Inefficiency of __getattr__

Alex Martelli aleaxit at yahoo.com
Thu Oct 5 04:10:55 EDT 2000


"Kragen Sitaker" <kragen at dnaco.net> wrote in message
news:m2UC5.3538$q9.167352 at news-west.usenetserver.com...
> In article <8rf3fm030n4 at news2.newsguy.com>,
> Alex Martelli <aleaxit at yahoo.com> wrote:
> >"Kragen Sitaker" <kragen at dnaco.net> wrote in message
> >news:NpzC5.1605$l52.81889 at news-west.usenetserver.com...
> >    [snip]
> >> So what's the advantage of static typing over dynamic typing?  Does it
> >> help you catch bugs, and if so, which ones?
> >
> >It helps catch some type-related bugs -- particularly in areas
> >of the code that it's hard to ensure are wholly tested because
> >they deal with rare/exceptional/abstruse conditions.  Even for
> >bugs one would catch anyway in testing, it does help by letting
> >you do the "catching" earlier -- costs are lower the earlier
> >you catch the bugs.
>
> I run my regression tests after the compile.  For functional stuff, it
> tends to be pretty fast --- a second or less per thousand lines of
> code.  My web stuff is slower.  That's not much of an earliness advantage
;)

Aggressive, extensive, pervasive unit-testing and regression testing
is good.  Just don't try to make it into a "magic bullet" that makes
other error-catching helpers irrelevant!

You may be blessed with only writing units/components that can be
effectively and exhaustively tested in a few seconds.  That is very,
very far from applying to all of us.  When a component's job in life
is extracting information from some intrisically huge and complex
database (or, even worse, updating said DB -- in which case every
test needs to start from a known/restored DB state, and reloading/
restoring the DB can itself be highly time-consuming), for example,
testing gets intrinsically slow.  Similar considerations apply when
a component performs very exhaustive computations (three-dimensional
modeling has many such tasks), or is user-interaction-heavy (one of
the worst situations, since you can't easily run batch tests).

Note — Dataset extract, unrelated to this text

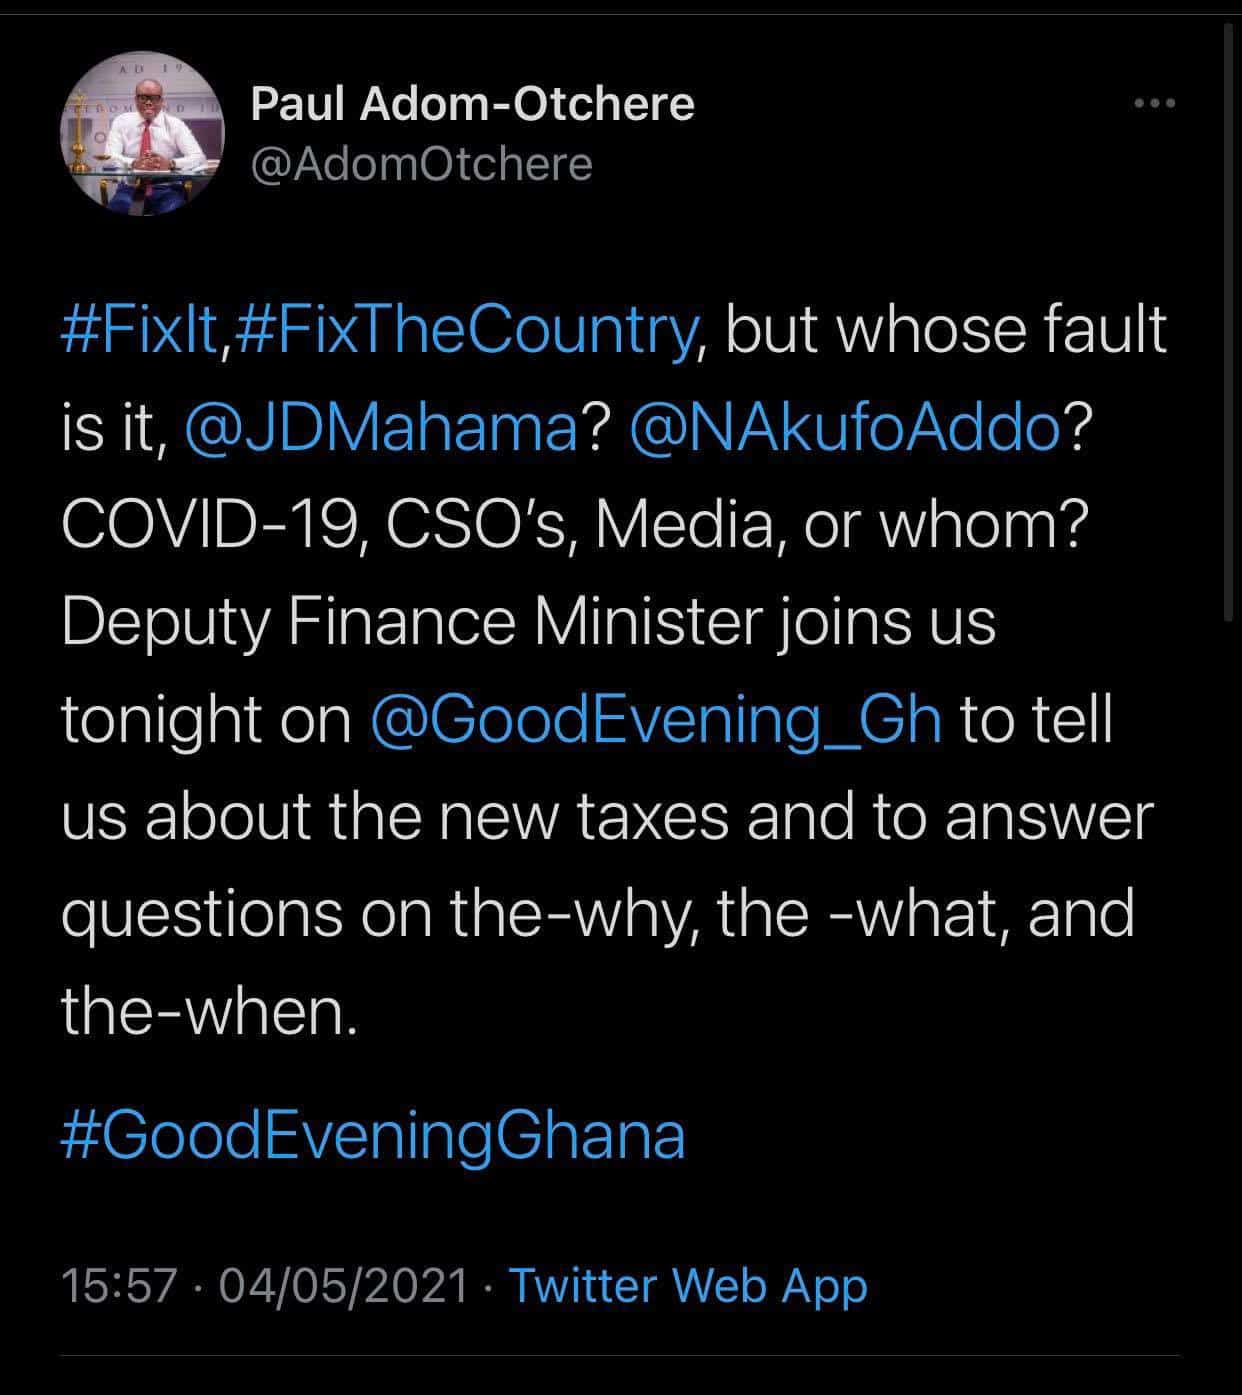 Paul Adom Otchere's tweet

Sure, one tries to model things on a reduced scale for test purposes,
but even with a thorough design-for-testability strategy (lots and
lots of test-harnesses, stubs and skeletons and drivers, simulated
DB interaction and UI interaction, etc, as well as lot of attention
paid to potential execution paths' interactions), there is no real
"magic bullet".  When you have, say, ten significant decision points
in the component (where different execution paths are possible),
and an average branching factor of four at each point, you need over
a million passes for exhaustive coverage, even assuming your design
ensured each combination of execution paths can be forced by the
test-harness; that can easily mean an hour's elapsed time even for
rather speedy single passes.  And please note I'm not describing a
component that is really *complicated* at all!  These combinatorial
explosions kill you even on "highly-atomized" component-design.

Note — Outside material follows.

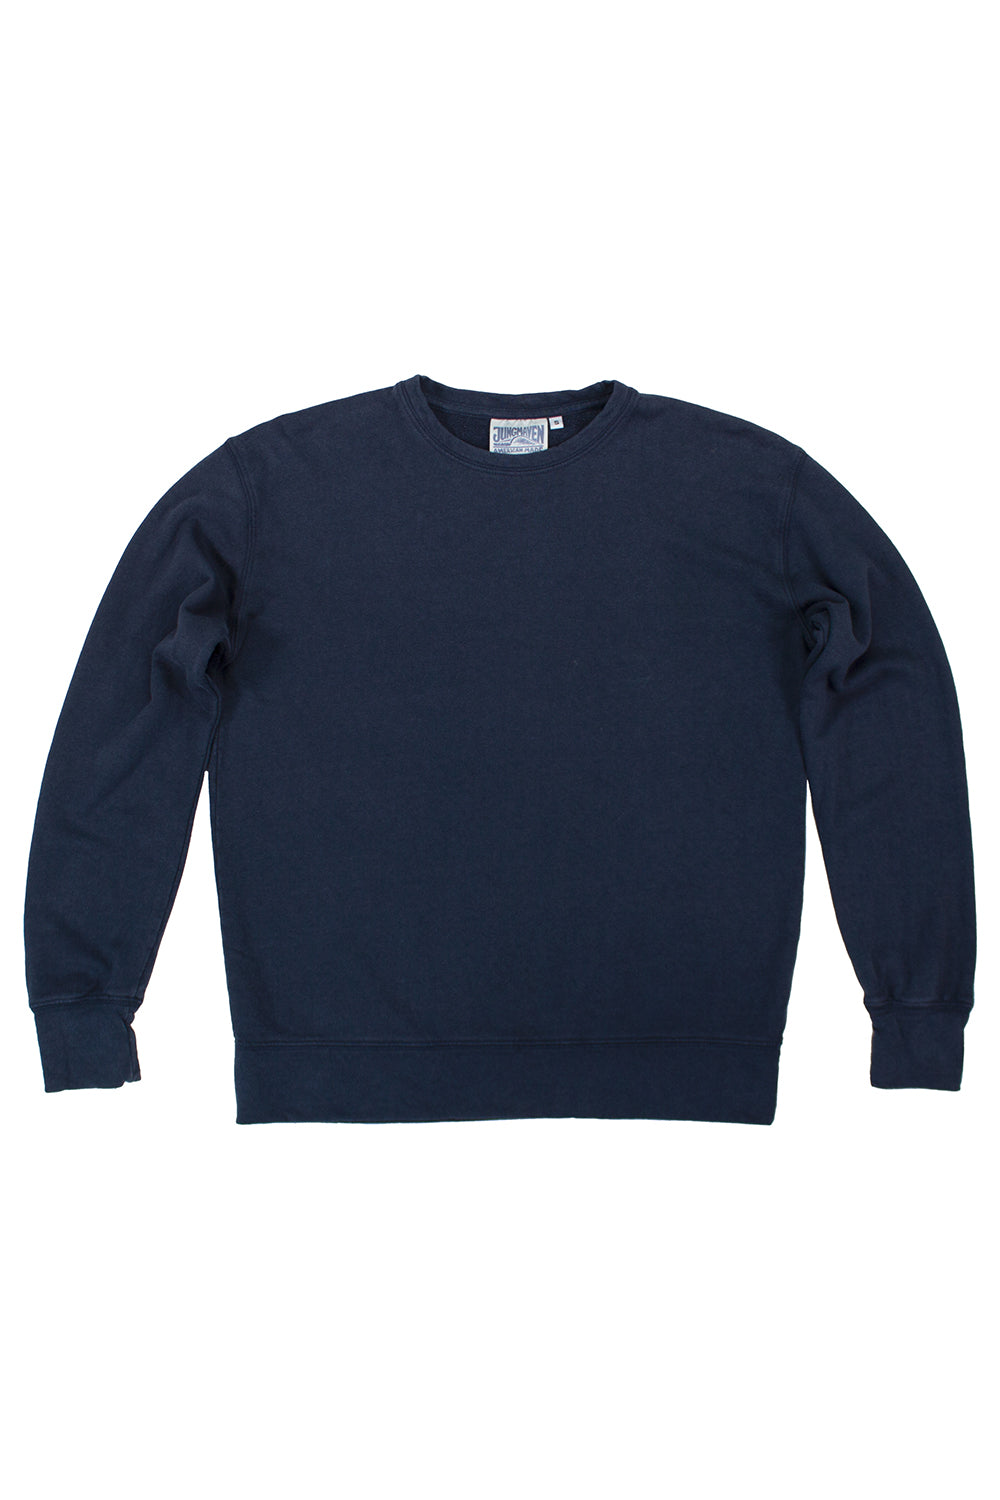 Tahoe Hemp Clothing Sweatshirt | Jungmaven

So, one compromises, and only runs tests through some subset of the
possible combinations of execution paths.  But then, inevitably,
some potential errors are left uncaught during development, and may
be caught only (e.g.) when running more exhaustive tests at night,
or on weekends, or, sometimes, much later.

Explicit assertions of type, just as any other explicit assertion
that it may be possible for the compiler to check statically, help
you catch some fractions of these nasty little bugs much earlier.
The "earliness advantage" can thus become quite significant.

It's not a panacea.  It IS a help.  I would add that its helpfulness
is rather obvious, at least to anybody who has actually developed
significant amount of code in languages both with and without some
measure of explicit-type-assertions; _denying_ it is just as extreme
a position as making a fetish out of it (as some proponents of
static typing at all costs do!).  One should be aware of both its
benefits and costs, in order to make a serious engineering tradeoff
about it in a language (or, if using a language allowing optional
type-annotation, in a specific program's coding).


> >It also helps your compiler generate better code.  And, your
> >source can be more expressive, as it states certain things that
> >you know about your code, in a precise and unambiguous way.
>
> I agree with generating better code; static typing definitely makes
> writing good compilers easier.

Yes, although it can be interesting to see what can be done for
a language without explicit type assertion, just by a very clever
compiler.  I'm only aware of Lisp-ish languages, particularly
Scheme, being subject to such treatment; a particularly interesting
thing to study is Bigloo, which is able to compile both Scheme
(without explicit/static typing) and Caml (a language largely
designed expressly to allow type-inference, and based on static
typing just-about-exclusively).  I believe Bigloo's code quality
(at least on toy-sized examples) is quite comparable for both.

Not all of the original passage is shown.